Correlation Between KAT Exploration and Blockchain Industries
Can any of the company-specific risk be diversified away by investing in both KAT Exploration and Blockchain Industries at the same time? Although using a correlation coefficient on its own may not help to predict future stock returns, this module helps to understand the diversifiable risk of combining KAT Exploration and Blockchain Industries into the same portfolio, which is an essential part of the fundamental portfolio management process.
By analyzing existing cross correlation between KAT Exploration and Blockchain Industries, you can compare the effects of market volatilities on KAT Exploration and Blockchain Industries and check how they will diversify away market risk if combined in the same portfolio for a given time horizon. You can also utilize pair trading strategies of matching a long position in KAT Exploration with a short position of Blockchain Industries. Check out your portfolio center. Please also check ongoing floating volatility patterns of KAT Exploration and Blockchain Industries.
Diversification Opportunities for KAT Exploration and Blockchain Industries
-0.46 | Correlation Coefficient |
Very good diversification
The 3 months correlation between KAT and Blockchain is -0.46. Overlapping area represents the amount of risk that can be diversified away by holding KAT Exploration and Blockchain Industries in the same portfolio, assuming nothing else is changed. The correlation between historical prices or returns on Blockchain Industries and KAT Exploration is a relative statistical measure of the degree to which these equity instruments tend to move together. The correlation coefficient measures the extent to which returns on KAT Exploration are associated (or correlated) with Blockchain Industries. Values of the correlation coefficient range from -1 to +1, where. The correlation of zero (0) is possible when the price movement of Blockchain Industries has no effect on the direction of KAT Exploration i.e., KAT Exploration and Blockchain Industries go up and down completely randomly.

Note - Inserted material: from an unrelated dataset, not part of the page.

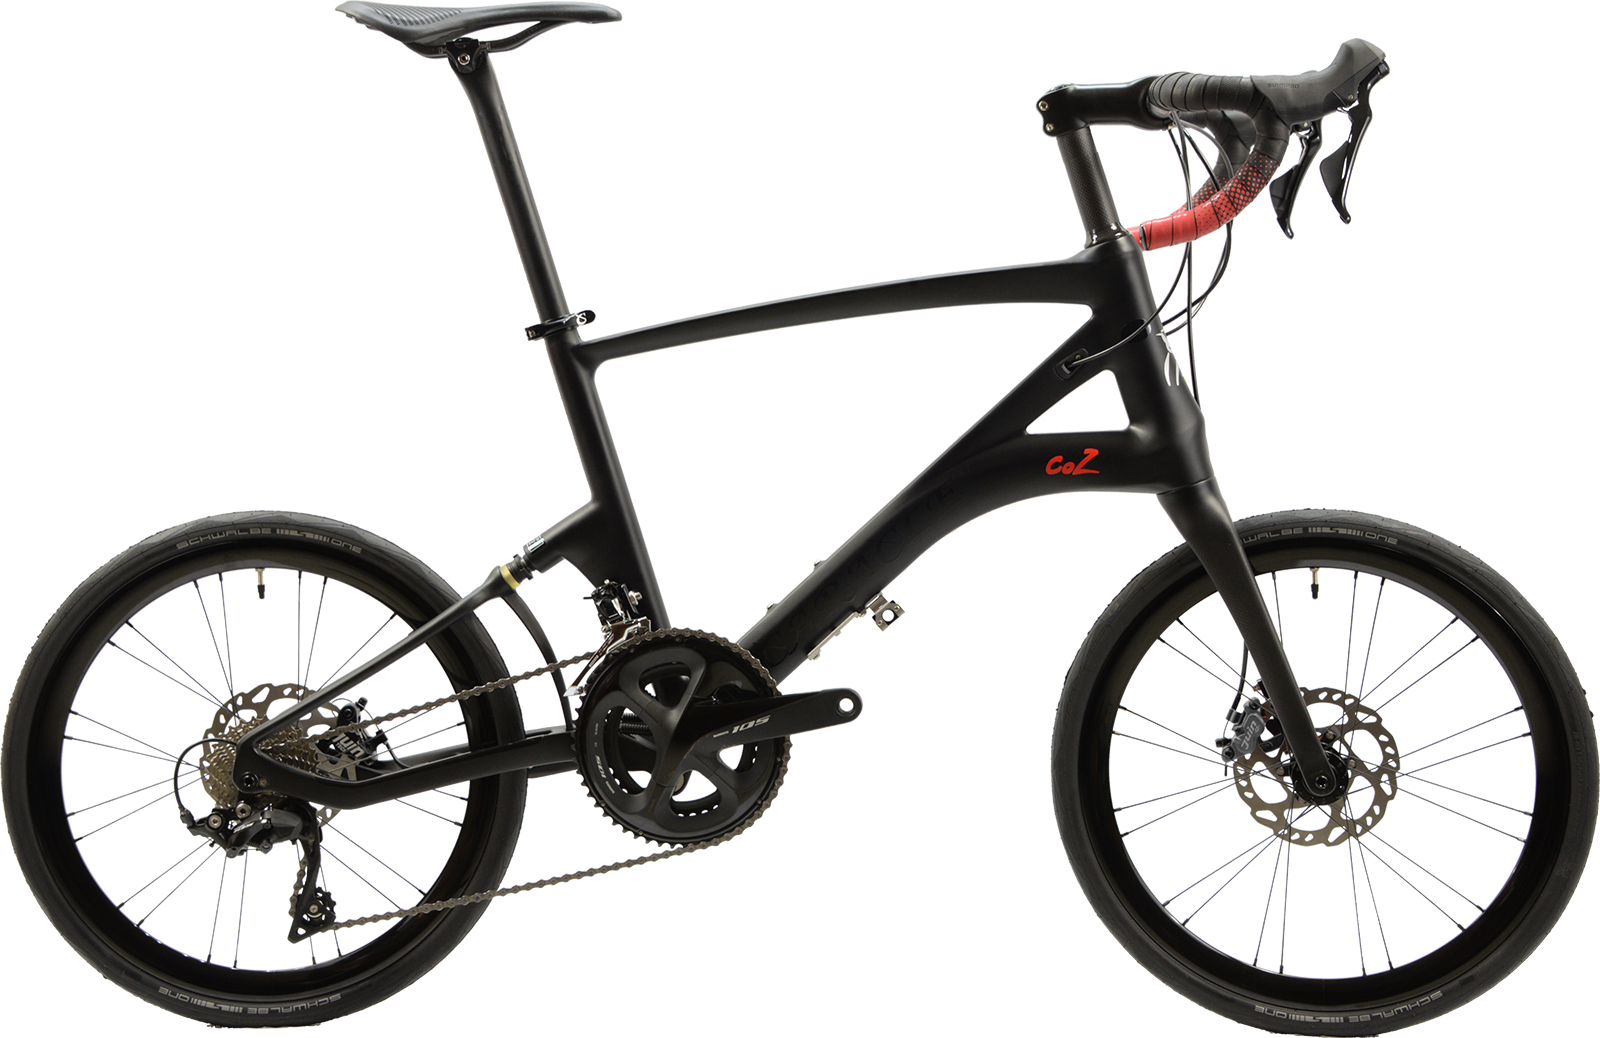 CARACLE-COZ – CARACLE -the innovative folding bike-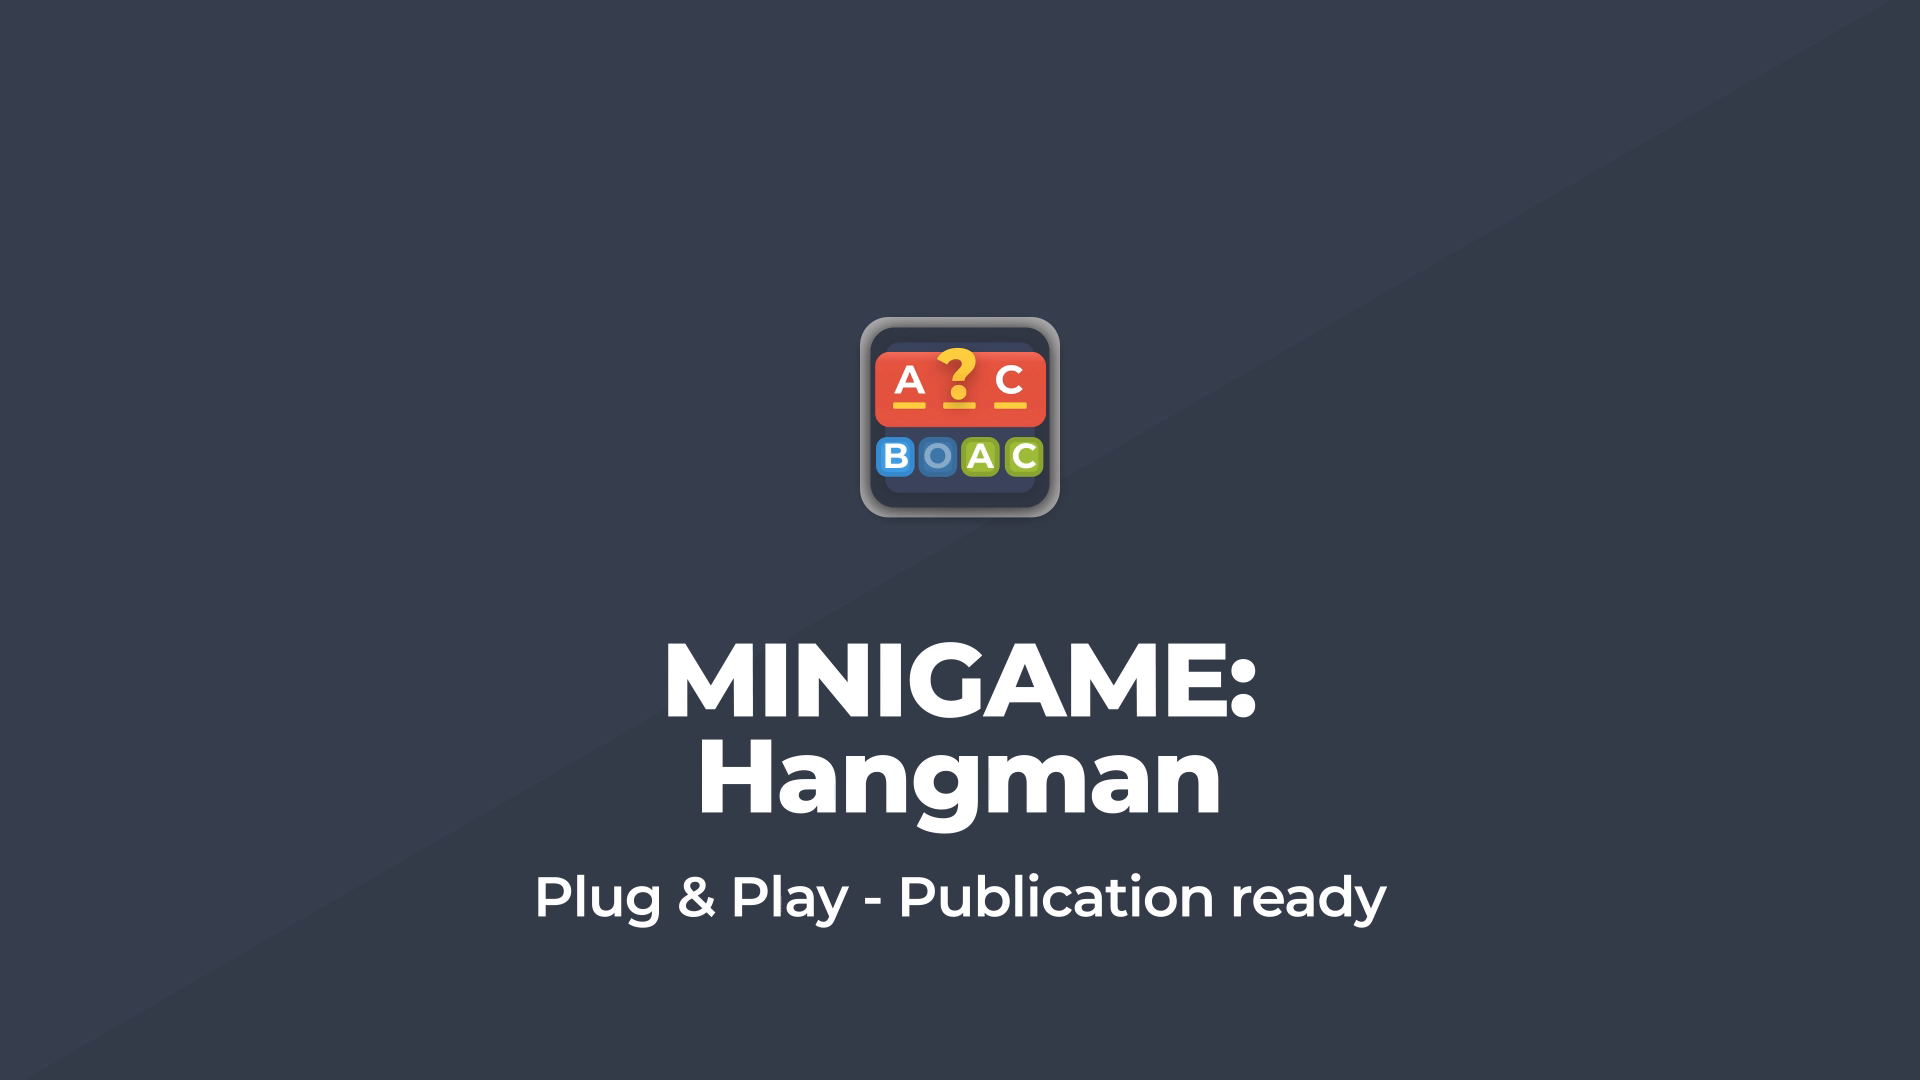 HANGMAN GAME MAKER AND PLAYER SOFTWARE The Hangman Game Maker and

Pair Corralation between KAT Exploration and Blockchain Industries
Given the investment horizon of 90 days KAT Exploration is expected to generate 4.91 times more return on investment than Blockchain Industries. However, KAT Exploration is 4.91 times more volatile than Blockchain Industries. It trades about 0.1 of its potential returns per unit of risk. Blockchain Industries is currently generating about 0.07 per unit of risk. If you would invest 0.18 in KAT Exploration on October 3, 2024 and sell it today you would lose (0.15) from holding KAT Exploration or give up 83.33% of portfolio value over 90 days.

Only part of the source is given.